Первым пришел заведующий учебной частью Ружичек, по прозвищу Благородный Фаддей. Не знаю, откуда взялось это прозвище: всем хорошо было известно, какой он благородный! За ним явился толстый, лысый, с длинной смешной головой учитель Лихо. За ним еще кто–то, все педагоги. Потом пришла немка, она же француженка – преподавала немецкий и французский. Пришла наша Серафима с часиками на груди, и последним неожиданно приперся Возчиков из восьмого класса. Этот Возчиков был типичный «лядовец». Он чисто одевался, даже носил ремень с пряжкой МРУЛ, то есть Московское Реальное Училище Лядова», и был представителем старших классов в школьном совете.

Вообще здесь был почти весь школьный совет. Это было довольно странно – пригласить почти весь школьный совет к обеду.

Я сидел в кухне и слушал, о чем они говорят. Двери были открыты. Сперва Лихо сказал о «продуктах питания», о том, что теперь будут новые деньги. Сегодня фунт масла стоит четырнадцать миллионов, а завтра – двадцать копеек, как в довоенное время. Сегодня дворнику дают десять миллионов, а завтра десять Копеек, «и он еще будет кланяться и благодарить».

– А я–то, дура, только что скатерть продала за двести тридцать миллионов, – вздохнув, сказала Серафима Петровна.

Потом заговорили о Кораблеве.

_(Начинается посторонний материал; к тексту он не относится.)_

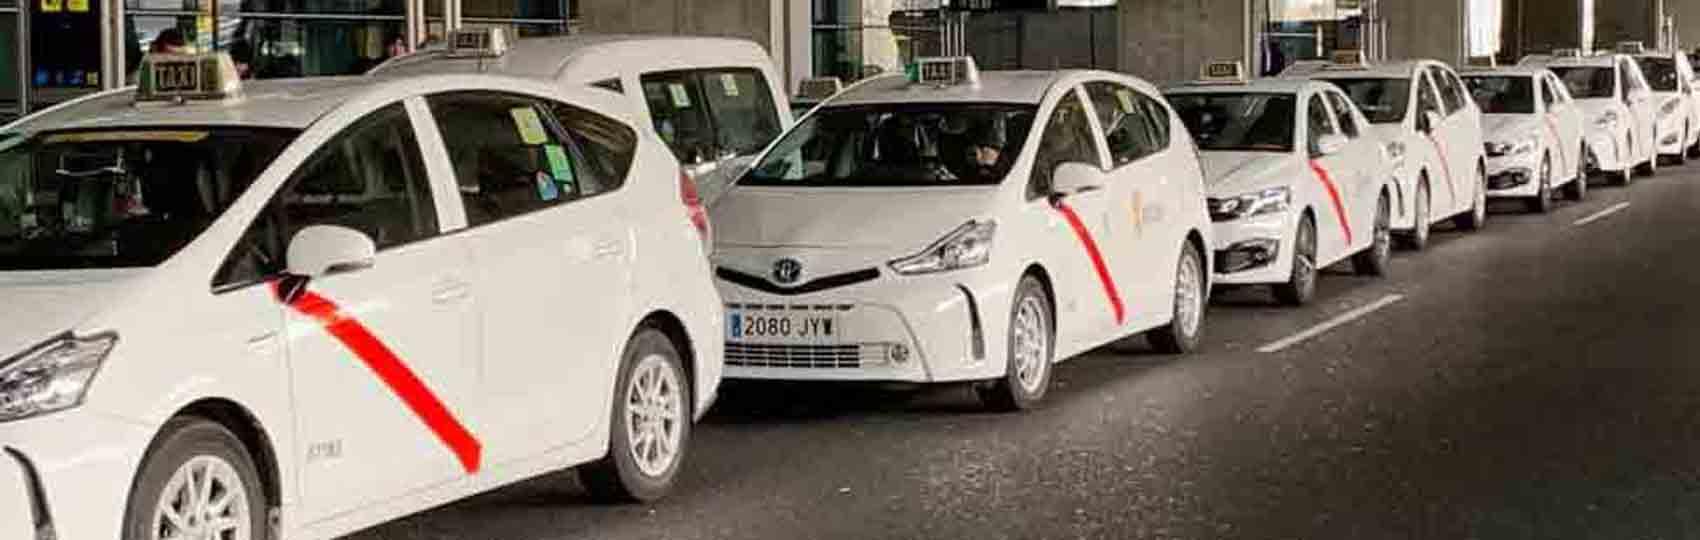 Noticias del sector del taxi y la movilidad en Madrid. Mantente informado de todas las noticias del taxi de Madrid en el grupo de Facebook de Todo Taxi.

Вот тебе на! Оказывается, он подлизался к советской власти. Он из кожи лезет вон, чтобы «сделать карьеру». Усы он красит. Эту крайне вредную затею с театром он провел только для того, чтобы «завоевать популярность». Он был женат и свел жену в могилу. На заседаниях он проливает, оказывается, «крокодиловы слезы».

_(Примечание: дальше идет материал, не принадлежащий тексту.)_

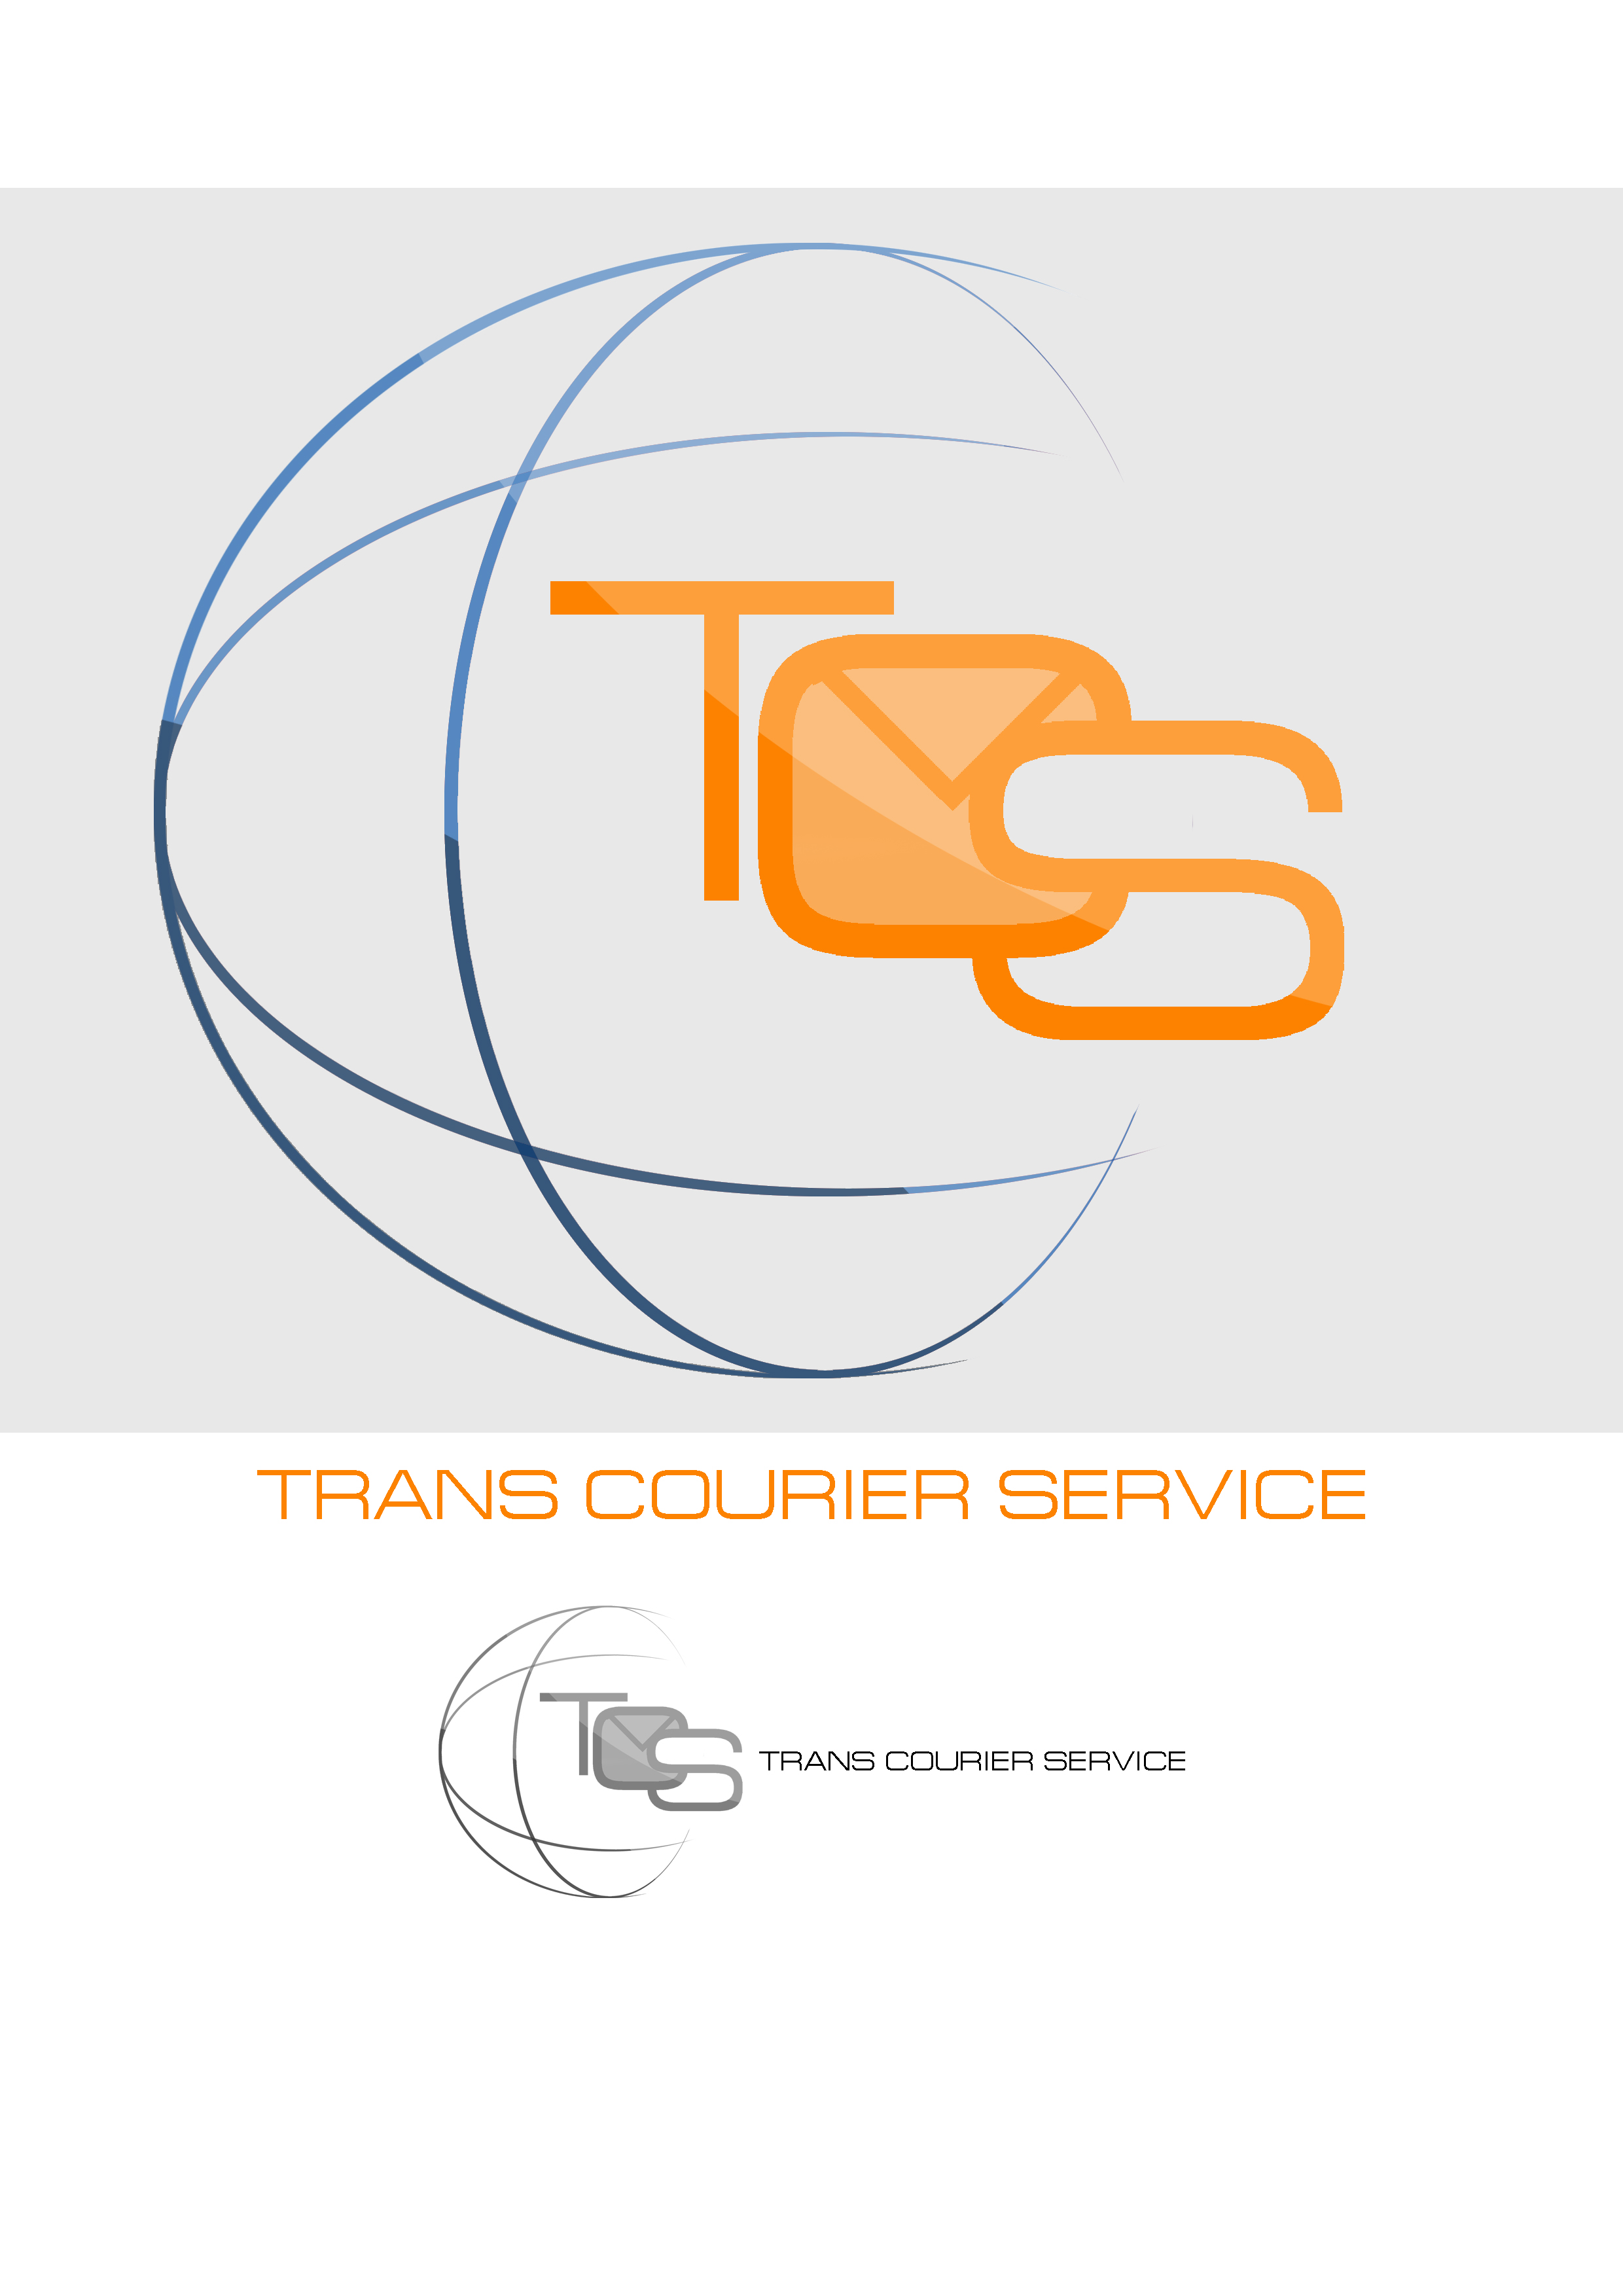 Разработка логотипа и фирменного стиля фото f_04850b0d17156fbb.jpg

Я не знал, что такое «крокодиловы слезы», но при этих словах мне представился Кораблев, выходящий из комнаты Марьи Васильевны, бледный, с повисшими, точно приклеенными усами, и я сразу понял, что они все врут. И насчет театра, и насчет жены, и насчет «крокодиловых слез», что бы это ни означало. Они – его враги, те самые, о которых он еще сегодня говорил Марье Васильевне: «Я устал от этих людей. Мне мешают работать».

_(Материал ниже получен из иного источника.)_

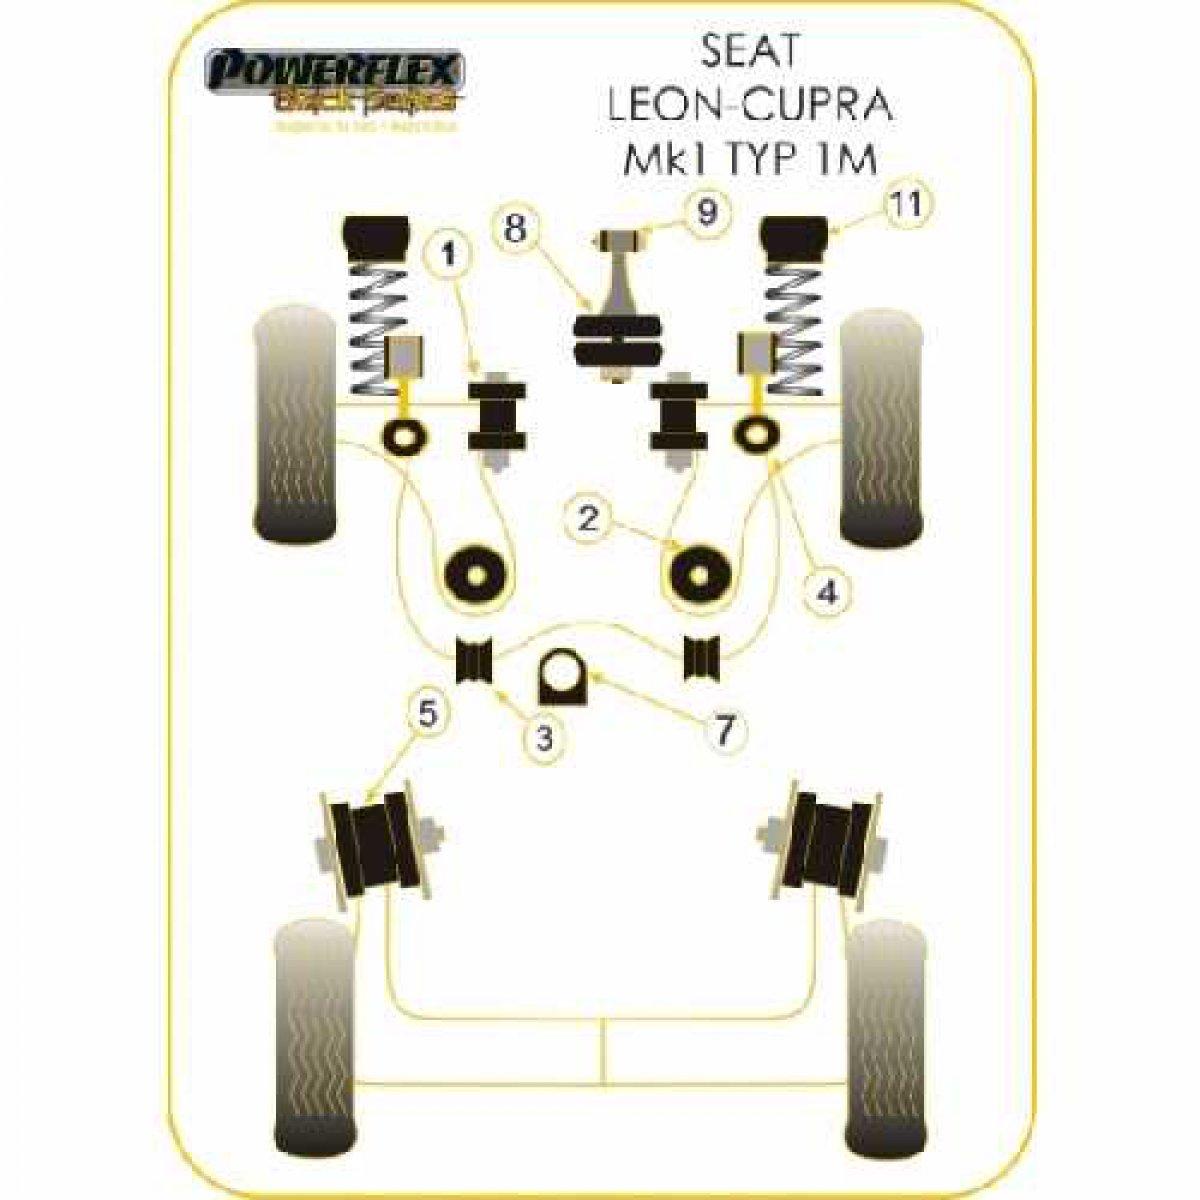 Powerflex Black für Seat Leon/&Cupra R Mk1 vorderer Querl hinten

До «крокодиловых слез» – это еще был разговор. Но вот я услышал голос Николая Антоныча и понял, что это не разговор, а заговор. Они хотели прогнать Кораблева из школы.

Николай Антоныч начал издалека:

– Педагогика в числе внешних воспитательных факторов всегда предусматривала искусство…

Потом он перешел к Кораблеву и, прежде всего «отдал должное его дарованиям». Оказывается, нам нет никакого дела до «причин гибели его покойной жены». Нас интересует лишь «мера и степень его воздействия на детей». Нас волнует вредное направление, на которое Иван Павлыч толкает школу, и только поэтому мы должны поступить так, как нам подсказывает педагогический долг – «долг лояльных советских граждан».

Нина Капитоновна загремела пустыми тарелками, и я не расслышал, что именно подсказывает Николаю Антонычу его педагогический долг. Но когда Нина Капитоновна потащила в столовую второе, я из общего разговора понял, что они хотят сделать.

Во–первых, на ближайшем заседании школьного совета Кораблеву будет предложено «ограничиться преподаванием географии в пределах программы». Во–вторых, его деятельность будет оценена как «вульгаризация идеи трудового воспитания». В–третьих, школьный театр будет закрыт. В–четвертых и в–пятых еще что–то. Кораблев, конечно, обидится и уйдет. Как сказал Благородный Фаддей – «скатертью дорога».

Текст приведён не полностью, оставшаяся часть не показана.